На стертой по углам фотокарточке был изображен статный крепкий мужчина с волосами светло-русыми, озорно зачесанными набок, аккуратно подстриженными усами и бородой, в классическом костюме и галстуке. В нем я сразу узнал Осипа. На фотографической карточке он обнимал нежно за плечо стоящую с ним рядом девочку. Та беззаботно улыбалась, взгляд ее был ясным, по-детски чистым. Я повернул фотографию и прочел: «Профессор Александров с дочерью Марией». Посмотрел еще раз, и как током прошибло: «В миру Мария Александрова». Согбенная фигурка, Осип, поглядывающий на нее и с любовью и со строгостию, взгляд этот проникновенный…

Когда хозяин каморки явился, я сидел на своем лежаке и смотрел в пол, перелистывая свой никчемный блокнот с записями полными гордыни, самолюбия. Всего за пару минут до прихода истопника я вгляделся в его простой карандашик и поразмыслил, усмотрев в душе своей покой: «Сколько ручек исписывают не за ради Христа. А химии-то сколько! Раз уж держишь в руке ручку, мягкую, удобную письменную принадлежность, ради которой столь великие производства работают, и Земли баланс нарушают, и отравляют окружающую среду, так употребляй сей предмет токмо по назначению – для реализации творческого начала человеческого, ведущего к росту души и исканиям истины, правды; или хоть к учению необходимому употребляй, или же хоть чтобы родным, что далеко, весточку подать… Но коли не для того, так и не бери лучше в руки вовсе предметов, что в создании своем тяжелы для Земли, а тебе, видимо, непотребны в сей час.

Таково да будет отношение наше и к прочим предметам, что более или менее доступны нам к приобретению, но миру в тягость и разрушение.
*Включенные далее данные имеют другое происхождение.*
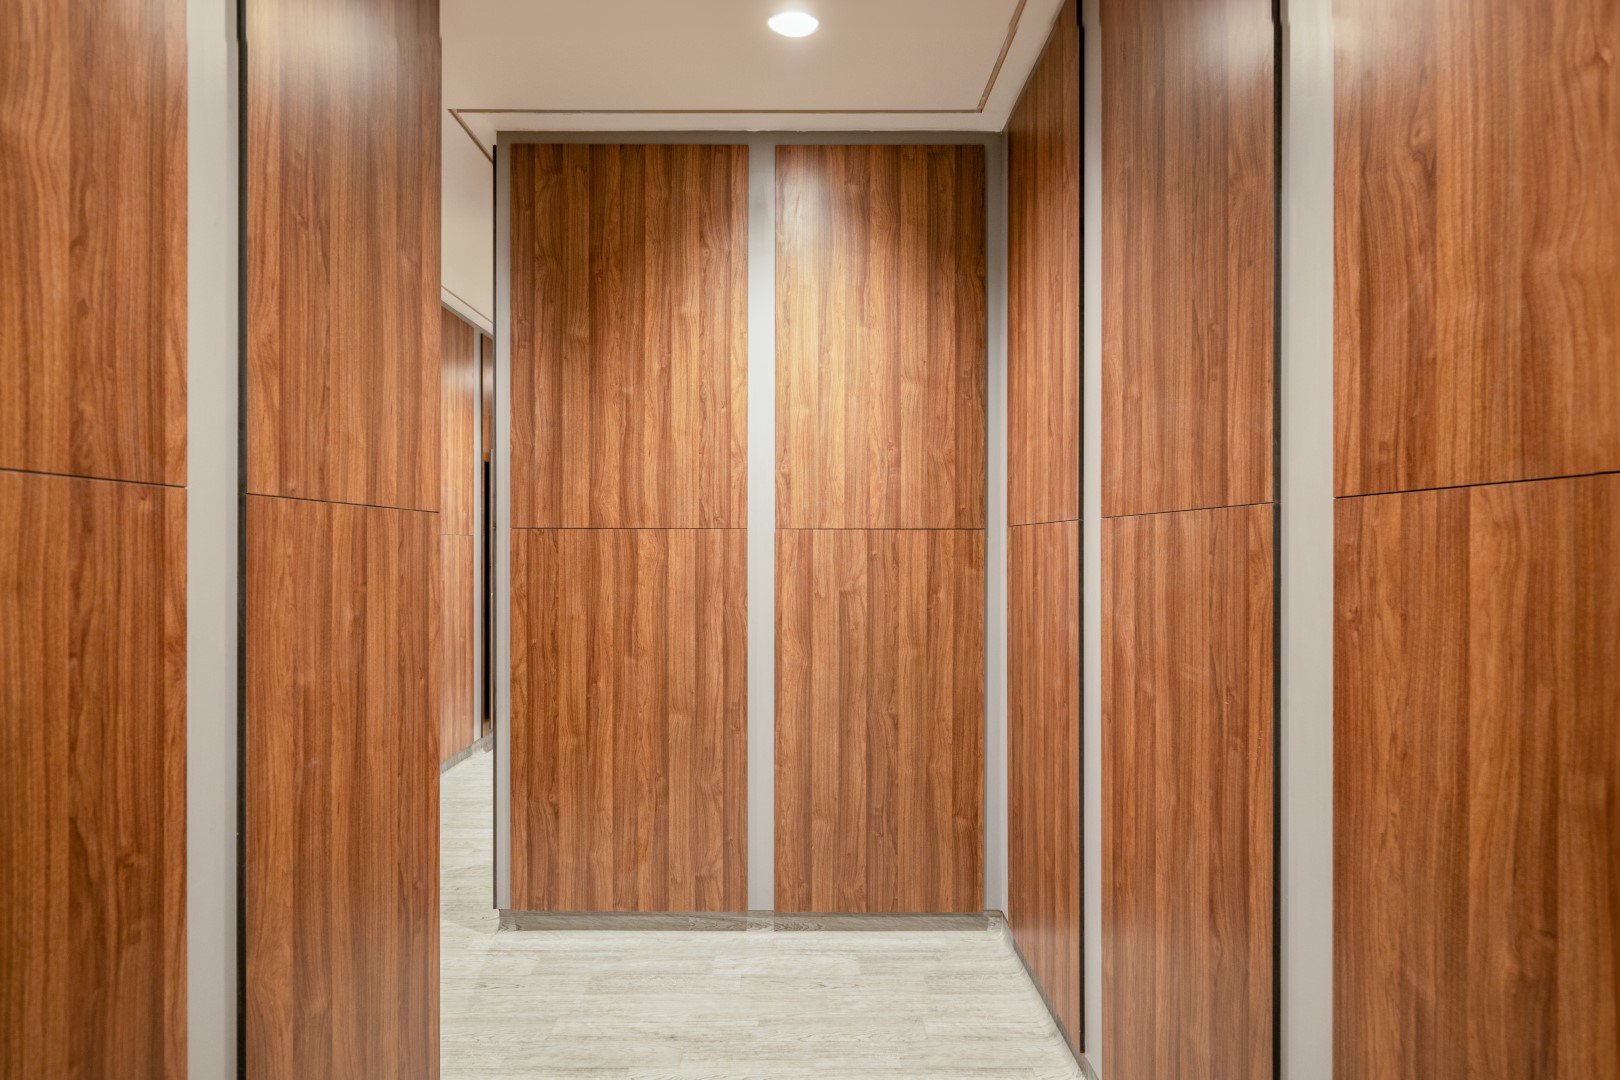  entrance to a commercial washroom with wood effect walls

Нам же не на пользу. Если применение этой вещи будет в высшем смысле полезным для нас в настоящее время – то благослови нас Бог.

И вот тут-то и явился Осип. Он окинул меня беглым взглядом и принялся затапливать печку. Порылся вокруг – бумаги не осталось. Детективчик дешевенький давно сгорел, и истопник принялся перелистывать свою тетрадь, намереваясь, вероятно, пустой листок из нее вырвать. Я опередил его и протянул свой блокнот.
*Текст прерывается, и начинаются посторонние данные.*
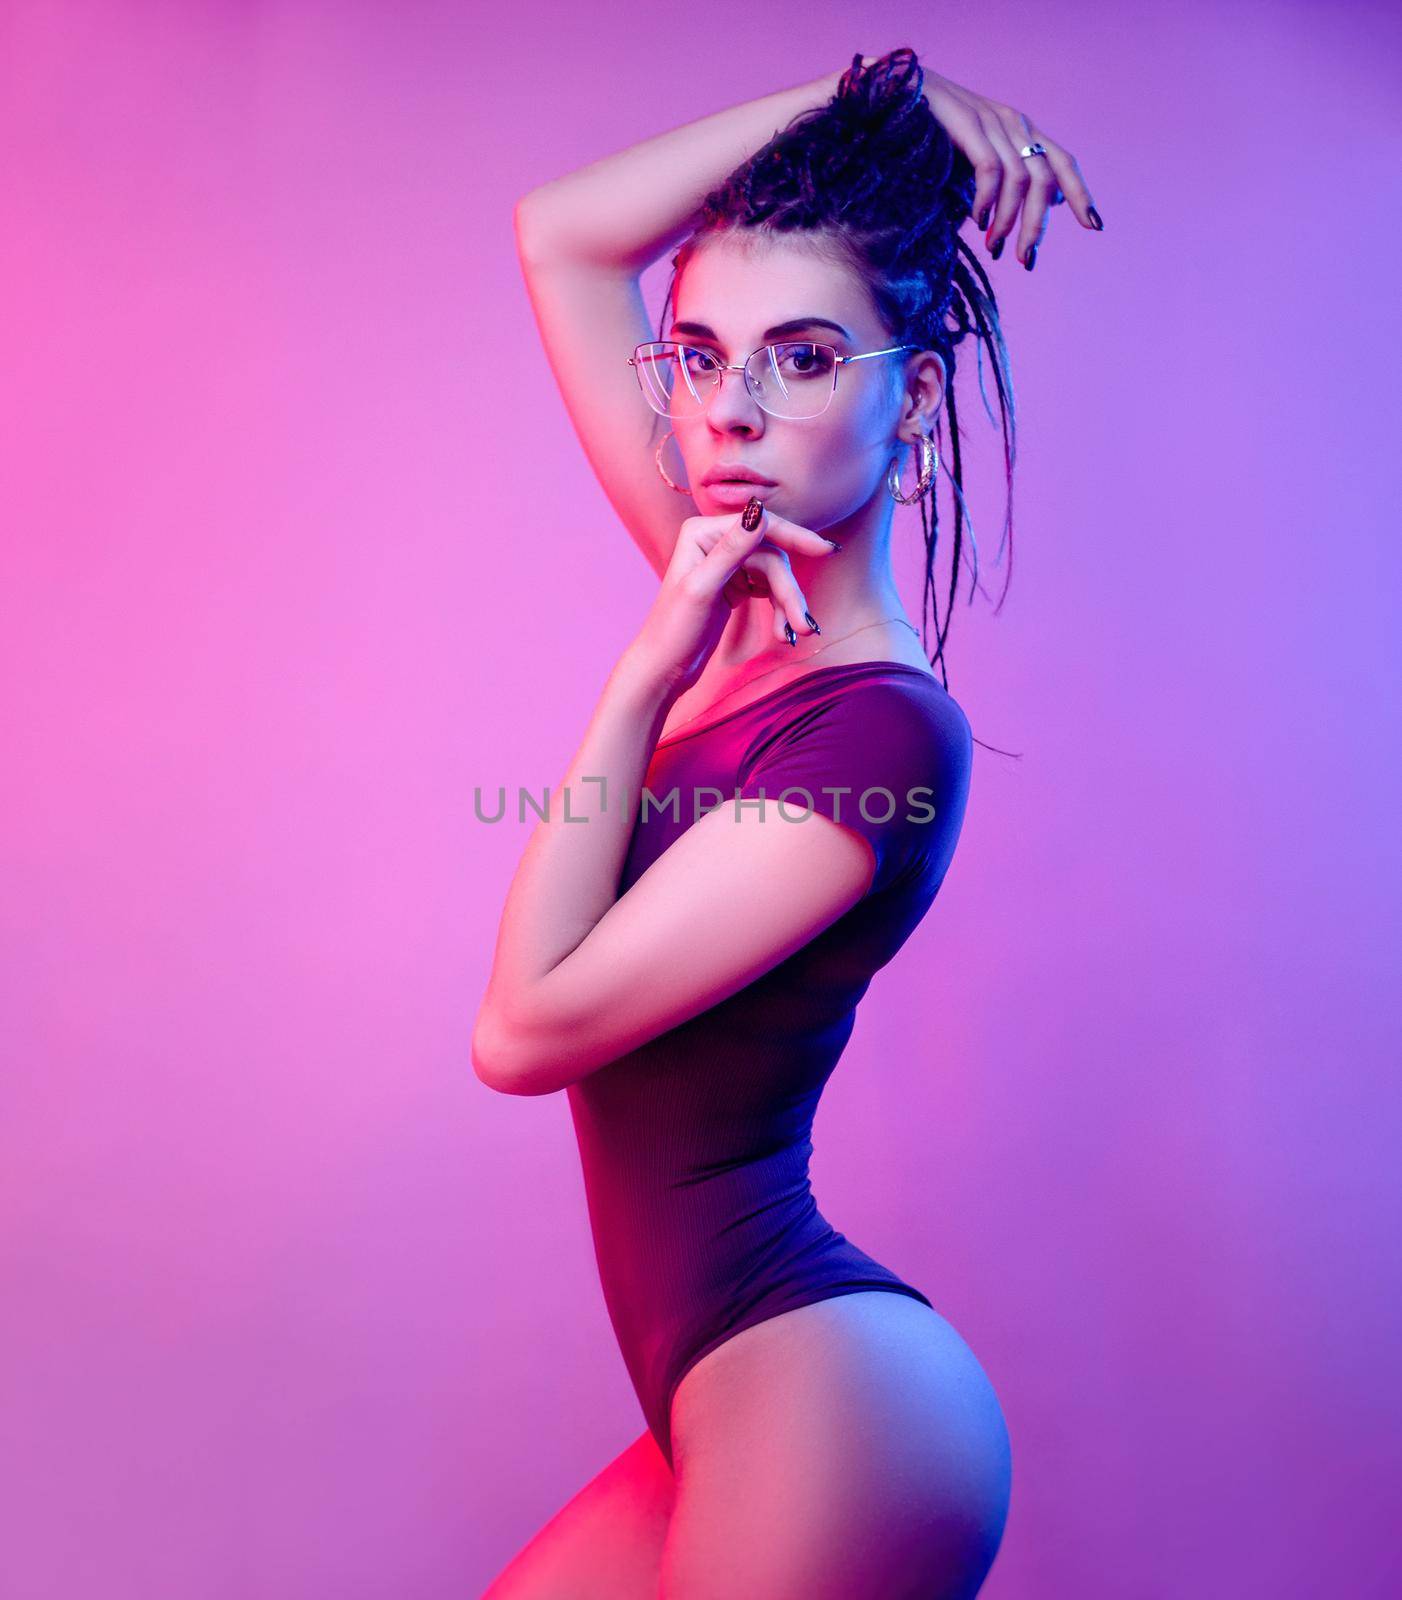 slender girl on a white background of neon color posing in a bodysuit by Rotozey

- На, - сказал я, - возьми. Мне не нужно.

Он взял, покрутил в руке и приподнял бровь:

- Точно?

- Точно, - утвердительно кивнул я головой.

После моих заверений Осип принялся разжигать печь, а я лишь молча смотрел, как ненужное мое мудрствование обращалось в пепел. И вот уже не жалел.

- Осип, - не выдержал я, - а ведь Матрона на тебя похожа очень, вы будто родня.

Я боялся смутить истопника, но он не сконфузился, отвечал спокойно.

- Ну, да, она же дочь моя единственная, - по-медвежьи просто покачал он головой.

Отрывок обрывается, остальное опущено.